Еще я хищен, зелен и зубаст,
и не играю (лапки!) на гармошке,
и только есть один лишь свет в окошке —
мой верный, неразлучный Чебураст.
Он был игрушкой, а они не спят;
он стережет мой сон, чтобы старуха,
что с крысой бродит, не вкатила яд,
прельстившись шкурой, в крокодилье ухо.
А сгину я — в зверинце крикнет морж:
«Какой удар! Пр-р-роклятый граф Делорж!»
ДЕНЬ СУРКА
Жили страхом, и вот, как подарок судьбы,
от других узнаем, будто мы не рабы
и не рыбы, и наши рубахи на робы
можно нам не менять,
и от черной хворобы
можно не умирать.
Жили с той и с другой, жили трахом, и вот
уж не нужно ни той, ни другой, и живот
вырос так, что не видно ботинок, и ноты
не слагаются в гимн,
и родное болото
стало градом иным.
Видно, время приблизилось камни собрать
и сложить пирамиду, укрывшись от власть
предержащих в тени ее, чтобы подумать
наконец о душе,
раз спустилась без шума
стрелка жизни на шесть.
Здравствуй, дно циферблата, низ диска, надир —
здесь бессилен вернуть изменившийся мир
паранойей и страхом отравленный морок
в эпилог дневника:
он закончится скоро,
а пока — день сурка.
ПАСЬЯНС
Расклад — не очень:
по нисходящей не собрать всю масть на туз.

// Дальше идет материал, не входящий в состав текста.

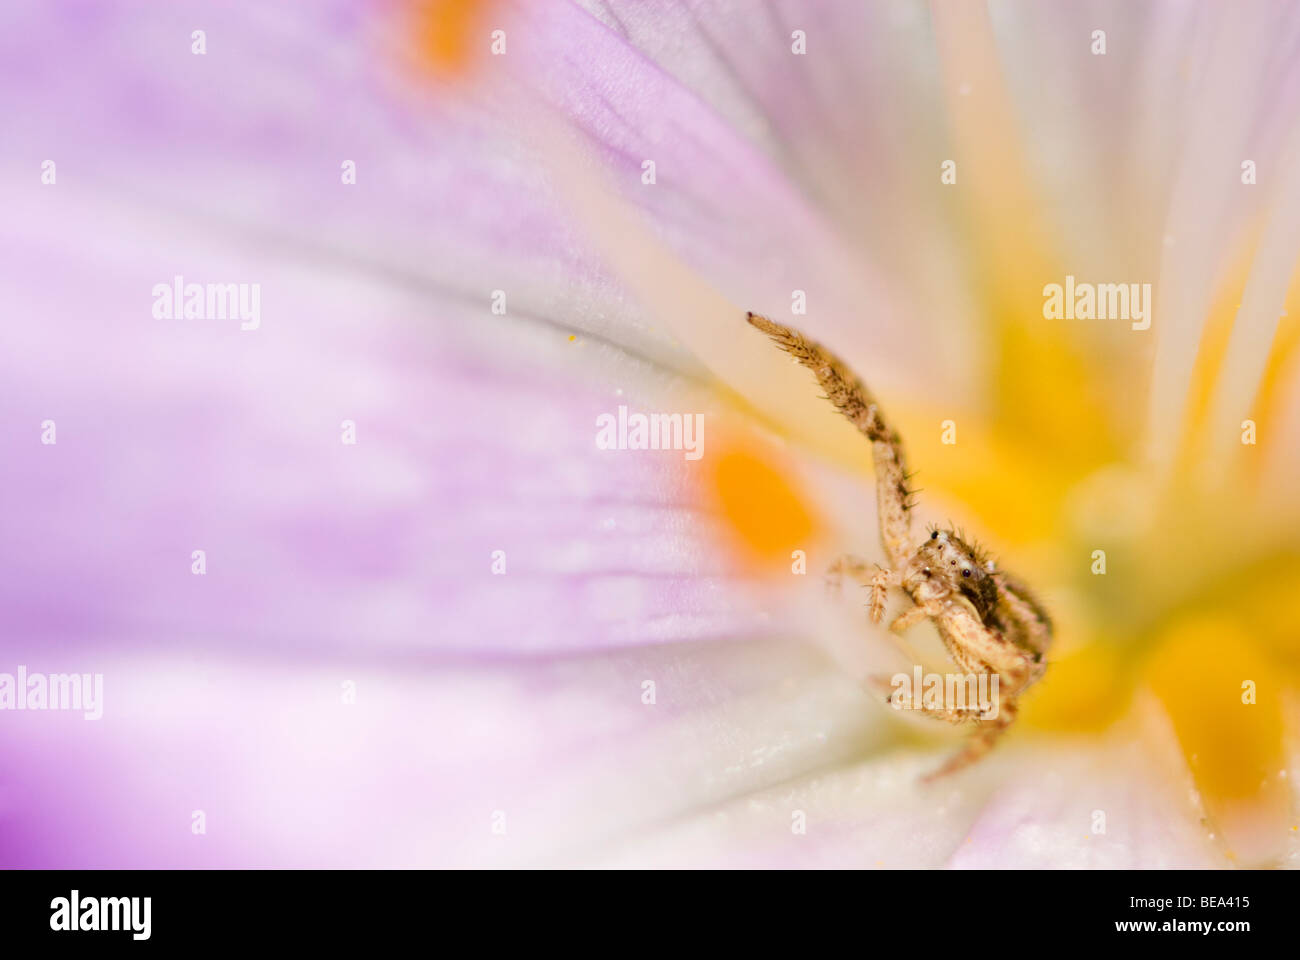 crab spider in an autumn crocus flower; krabspin in bloem herfsttijloos; Stock Photo

Я почему-то слишком этим озабочен,
сержусь.
Король помечен;
не виден крап — я сам нанес его, смеясь.
Четыре масти: сердце, череп, бронхи, печень —
пасьянс.
Открыты карты,
в них королей, вальтов и дам двенадцать лиц.
И все двенадцать, словно близнецы, двукратны:
ввысь, ниц.
Смешались мысли —
пора смешать и карты, но движений жаль.
Скажи-ка, джокер, что первично: верх ли? низ ли?
межа ль?
ШНУРОК
Шнурок развязался, и надо нагнуться над правой ногой,
а в мире, а в море, а в матрице жизни творится гиньоль,
и сделать поклон ради обуви трудно, и нет никого,
кто мог бы помочь мне, согнуть меня — с криком: Genosse, jawohl!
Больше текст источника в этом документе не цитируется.